Senja Yang Tepat.

560 13 1
                                    

Devi adalah "Devi"

Aku adalah "Aku"

Kami sudah hidup tanpa saling mengenal, dengan sapaku waktu itu sekarang dia dan aku adalah "kita" sekarang. Belum belum ini masih aku dan dia.

Dengan suara yang agak rendah, dengan getaran hati, dengan kegembiraan saat aku berjalan ke arahnya lalu menyapanya dengan hati-hati dan sedikit ragu-ragu.
Setelah itu aku dan dia menyapa satu sama lain, cerita dimulai.

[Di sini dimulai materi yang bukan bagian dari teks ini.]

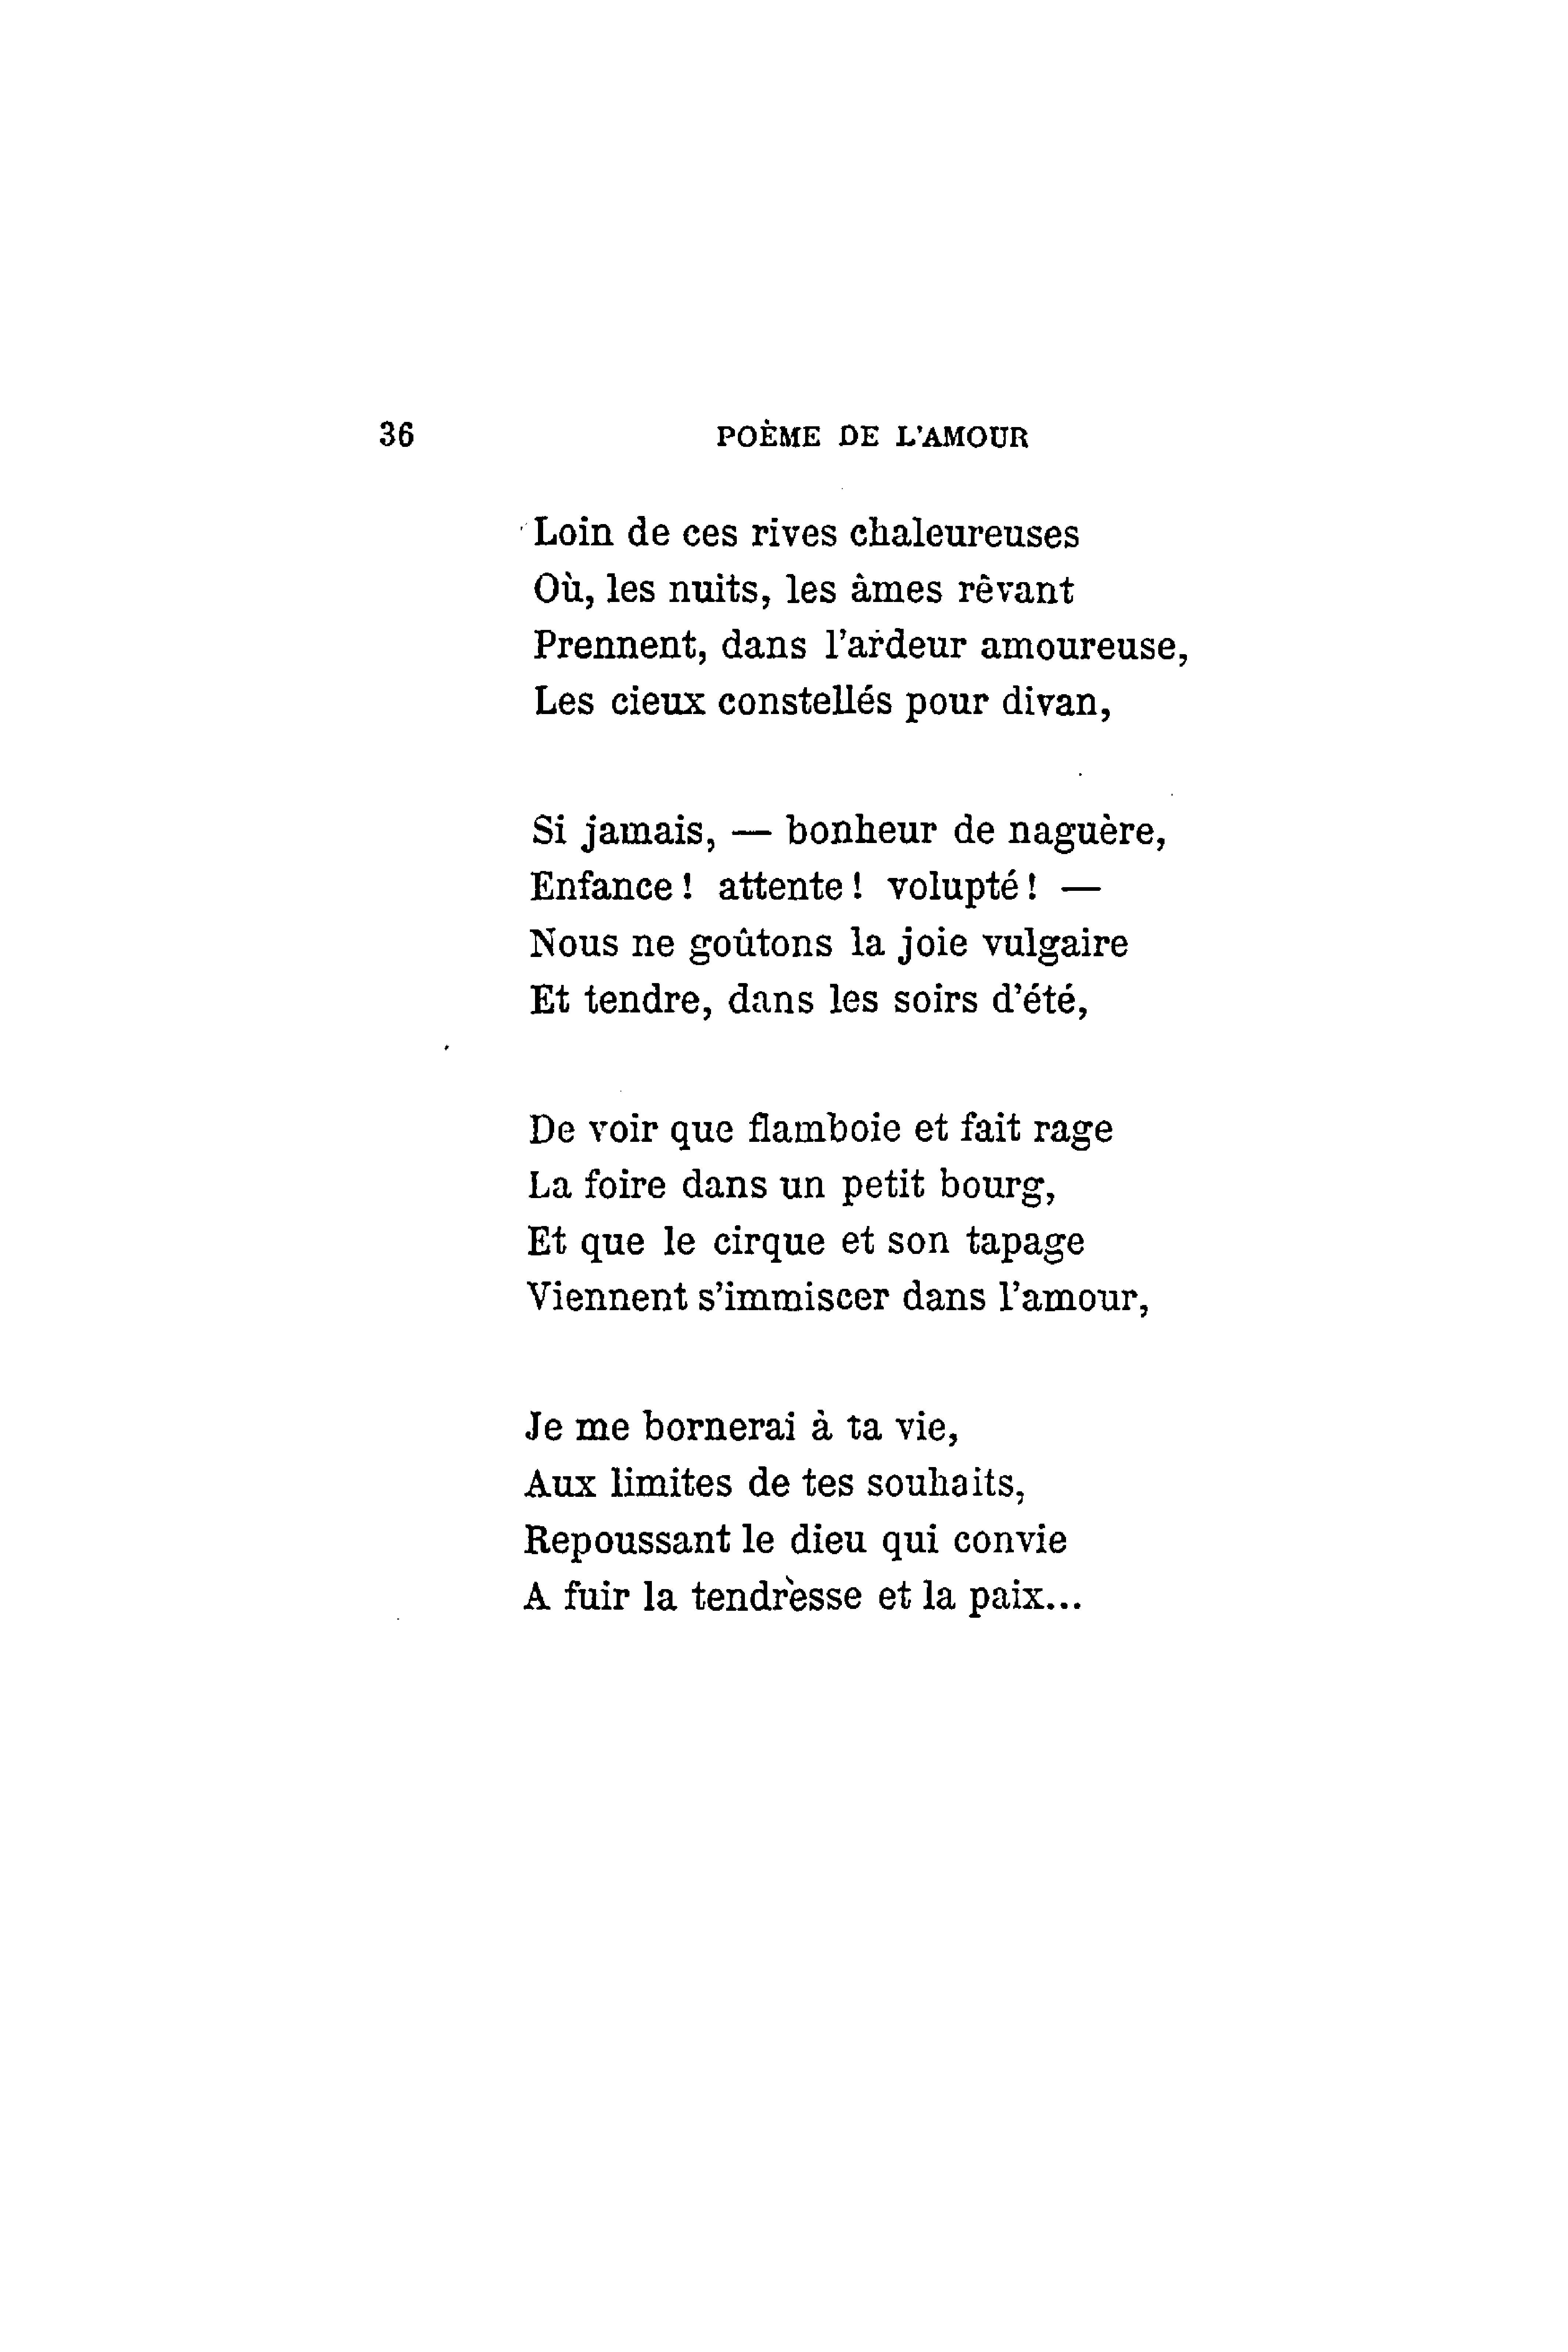 Pagenoailles Poème De Lamour 1924djvu34 Wikisource

Dia bersamaku sekarang, dengan wajah penuh sukacita, selalu menatapku dengan mata indahnya yang sangat aku puja.
Bahkan saat aku sedang sendiri dan menyepi aku bisa melihatnya.
Aku mencoba memikirkan sesuatu yang lain, tapi kepalaku malah menjadi kosong
dan aku hanya bisa membayangkannya.

Ia sedari tadi duduk di sampingku, seorang anak IPS tersasar ke BIS kelas IPA, menatap keluar dan bercerita banyak hal padaku. Entah kenapa aku meraih tangannya menggengamnya merasakan jari jemarinya yang lebih kecil dari aku. Ia menatapku sebentar lalu memalingkan pandangannya lagi keluar. Kini aku hanya memandangi wajag sampingnya.

Berpeganglah padaku.
Hariku yang akan dipenuhi denganmu.
Kau akan menjadi hariku.
Setiap kali ia datang padaku
Aku akan merasa seperti seluruh dunia menjadi milikku.

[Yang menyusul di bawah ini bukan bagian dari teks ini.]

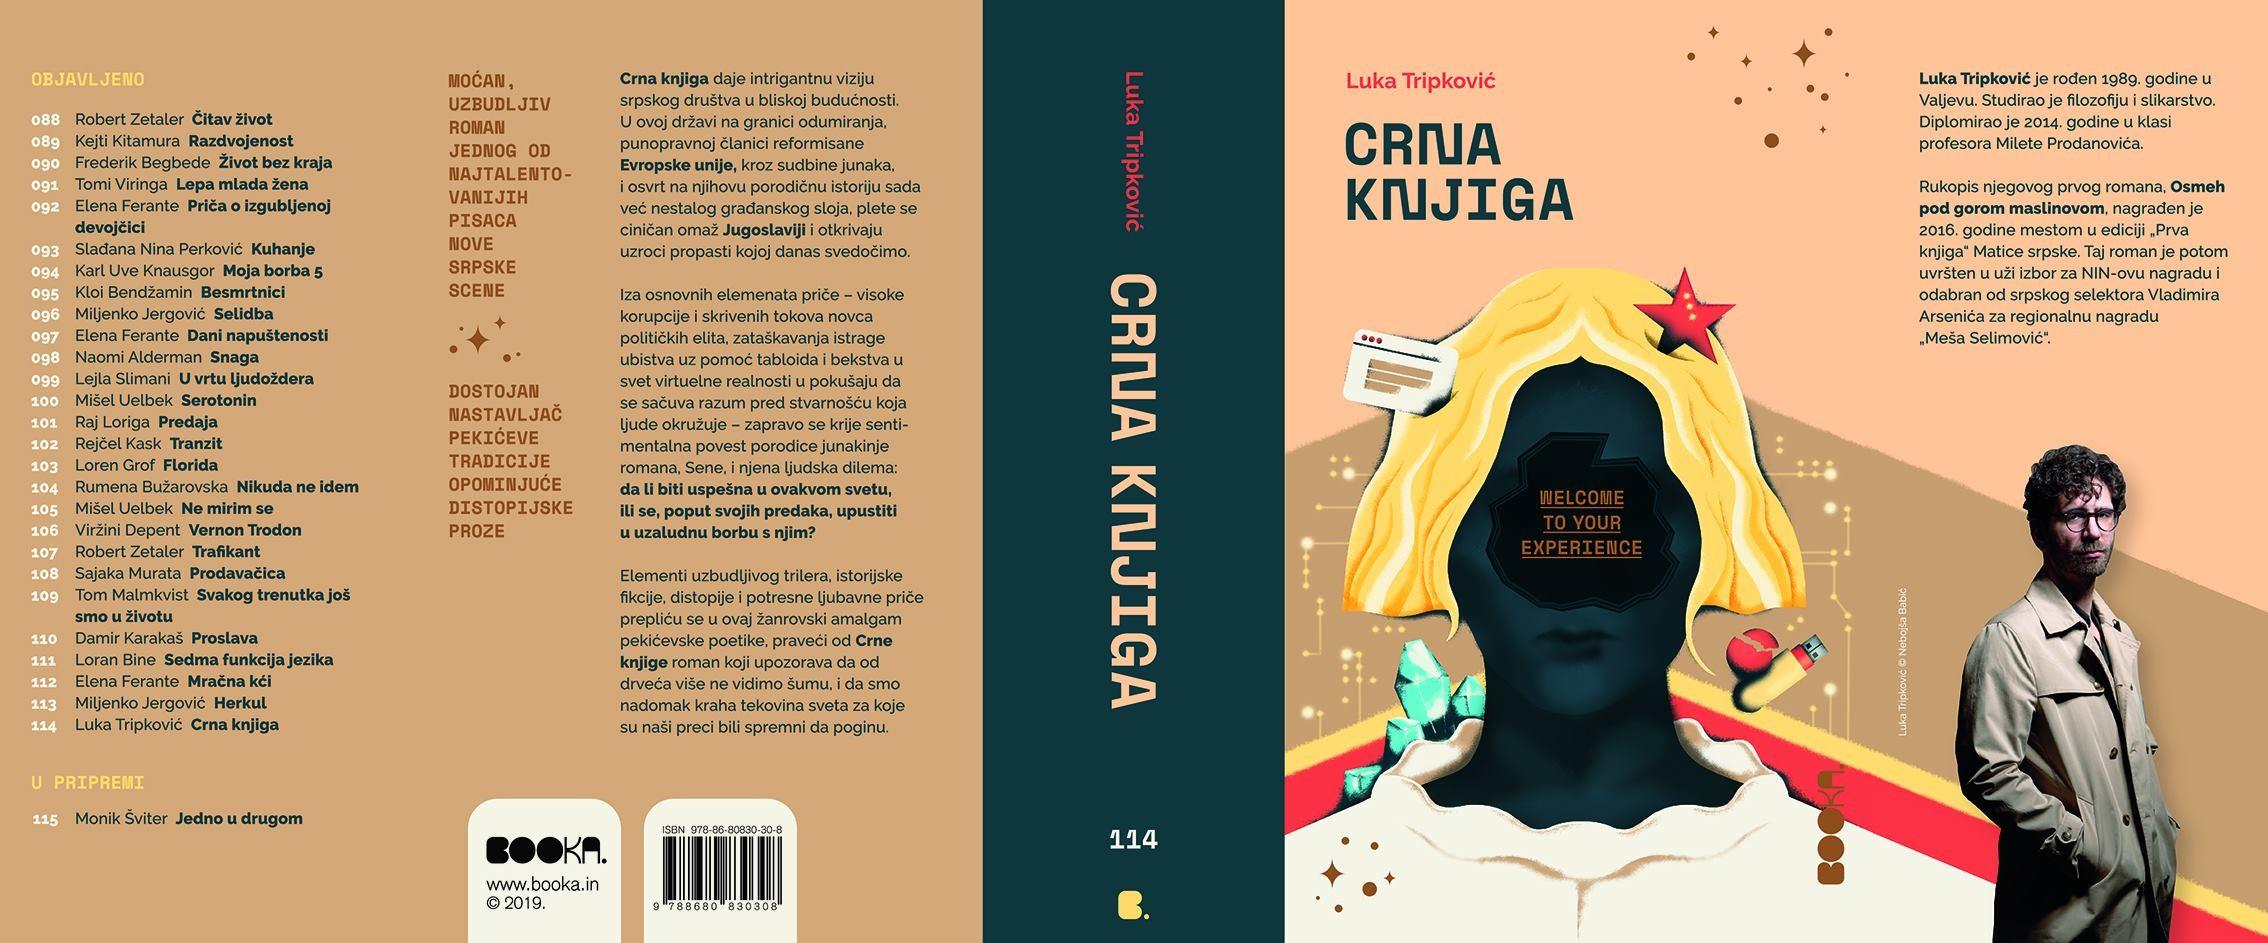 Dizajn: Valentina Brković

Di pantai Pandawa, rasanya 3 tahun lalu aku kesini masih sangat sepi sekarang sudah ramai sekali. Karna sangat panas aku hanya duduk di kursi pantai dengan Ilman dan Vio. Kami ditinggalkan disini bertiga, tadi Devi minta ditemani untuk mencari teman lamanya tapi karna panas sekali aku menolak hehe. Akhirnya Athan menemaninya. Tapi ada seorang perempuan dengan wajah ala orang seberang dan rambut polwan datang menghampiriku.
“Eh temennya Devi ya?” Katanya menyapaku.
“Hooh.”
“Aku Ditha, temennya disiniii Devi nya kemana dari tadi nyariin..” Loh darimana dia tahu kalo aku temannya Devi?

“Kakak tau darimana aku temen nya Devi?” Aku sengaja memanggilnya Kakak karna ia terlihat lebih tua dariku.

“Kamu tuh Zaidan kan yang suka muncul di snapgram Devi?” Tanyanya.

Ohhh, dari socmednya ternyata.

“Hehehe iyaa..” Aku berkenalan dan berbincang dengannya layaknya orang pertama kali bertemu.

“Eh boleh ngobrol yang agak serius gak?” Tanyanya dengan wajah seriusnya juga.

“Emang kenapa?” Aku balik bertanya.

“Ini serius, sih tapi kayanya lebih enak ngobrol berdua aja..” Aku mengerti disini ada Vio dan Ilman mungkin memang hal serius yang harus ia sampaikan, aku mengikutinya..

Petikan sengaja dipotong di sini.